Le problème, c’est que le KOD n'a aucun moyen financier. Alors il commence petit : un piquet de grève, avec quelques centaines de personnes. Mais le gouvernement met le feu aux poudres. Début décembre, la Première ministre Beata Szydlo annonce la réforme du Tribunal constitutionnel. La nouvelle loi paralyse totalement la première cour du pays, qui voit sa capacité à contrôler le pouvoir réduite à néant. Là, Mateusz Kijowski réalise qu’il faut faire davantage.
Avec le reste du "directoire" – les six premières personnes à avoir rejoint le KOD sur Facebook –, il décide d’appeler à la manifestation. Toute l’organisation repose sur le système D. Les tracts ? "Des patrons d’imprimerie qui sympathisent avec le mouvement les réalisent gratuitement", explique Piotr Wieczorek, nommé coordinateur de la région de Varsovie. On peint des banderoles au milieu du salon d’un militant. Des réunions se tiennent dans des cafés dont les tenanciers soutiennent le KOD. D’autres membres du mouvement vont acheter, de leur poche, des drapeaux et des badges.
Une heure avant le début de la première marche du KOD, samedi 12 décembre, tout est enfin prêt. Mais Mateusz Kijowski fait grise mine. Il craint l’échec : 2 000 militants à peine sont groupés sur la place devant le Tribunal constitutionnel. "Ça va être ridicule", redoute Piotr Wieczorek, un badge du KOD accroché sur la poitrine.
Quarante-cinq minutes avant le départ, quelques personnes commencent à converger vers la place. Le groupe se met à grossir, renforcé par des dizaines de manifestants. Dans la rue voisine, ce sont des centaines de Polonais qui marchent. "C’est comme une énorme vague qui arrive de tous les côtés… On n’en voit pas la fin ! s’exclame Joanna Roqueblave, l’exubérante Franco-Polonaise du directoire. N’allez pas croire que je suis émotive, hein, mais assister à quelque chose comme ça… Ça vous met les larmes aux yeux !"

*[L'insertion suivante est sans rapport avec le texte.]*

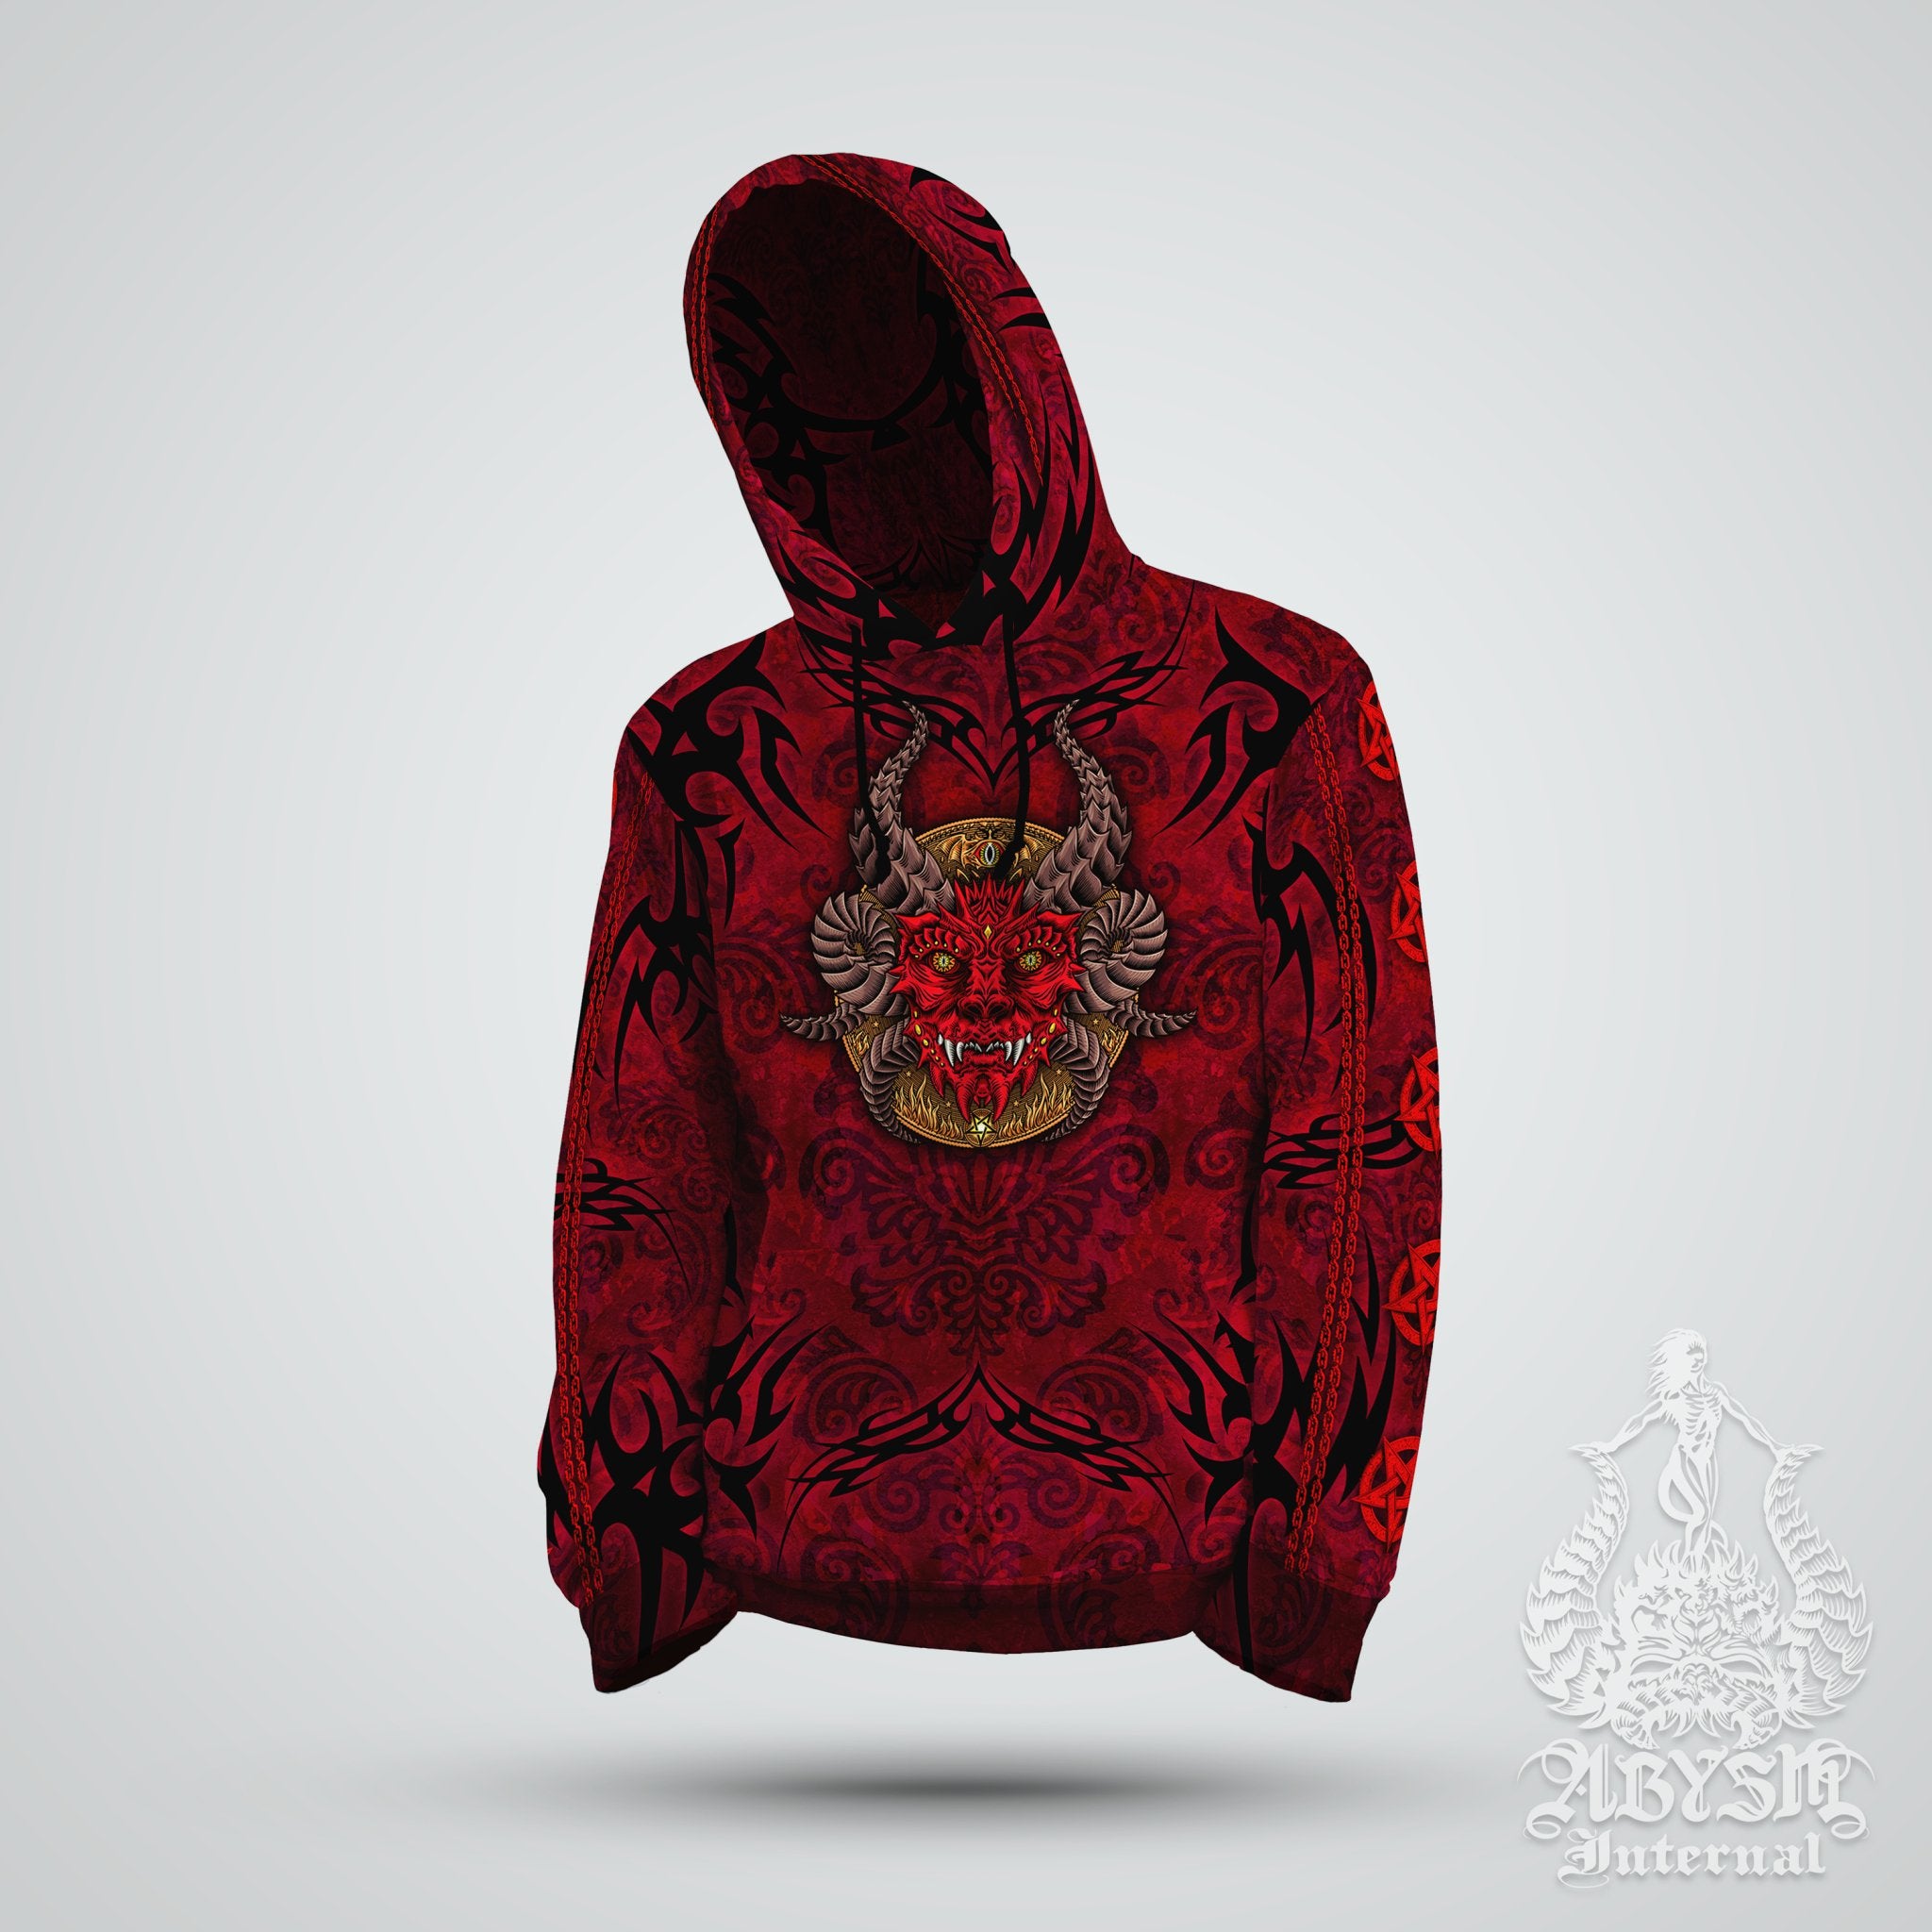 Devil Hoodie, Satanic Streetwear, Gothic Pentagram Outfit, Black Metal Concert Sweater, Alternative Clothing, Unisex - Lucifer, Black or Red, 2 Colors - Abysm Internal

Ils sont finalement 50 000 à remonter la luxueuse Nowy Swiat en direction du palais présidentiel, drapeaux européens et polonais à la main. Ou bien 70 000 ? "La police a annoncé encore plus de manifestants que nous, avant de se raviser et de parler de 17 000 personnes", explique Mateusz Kijowski, en tête du cortège. "Je crois qu’ils ont reçu un petit coup de fil du gouvernement…" ajoute Piotr Wieczorek avec un sourire.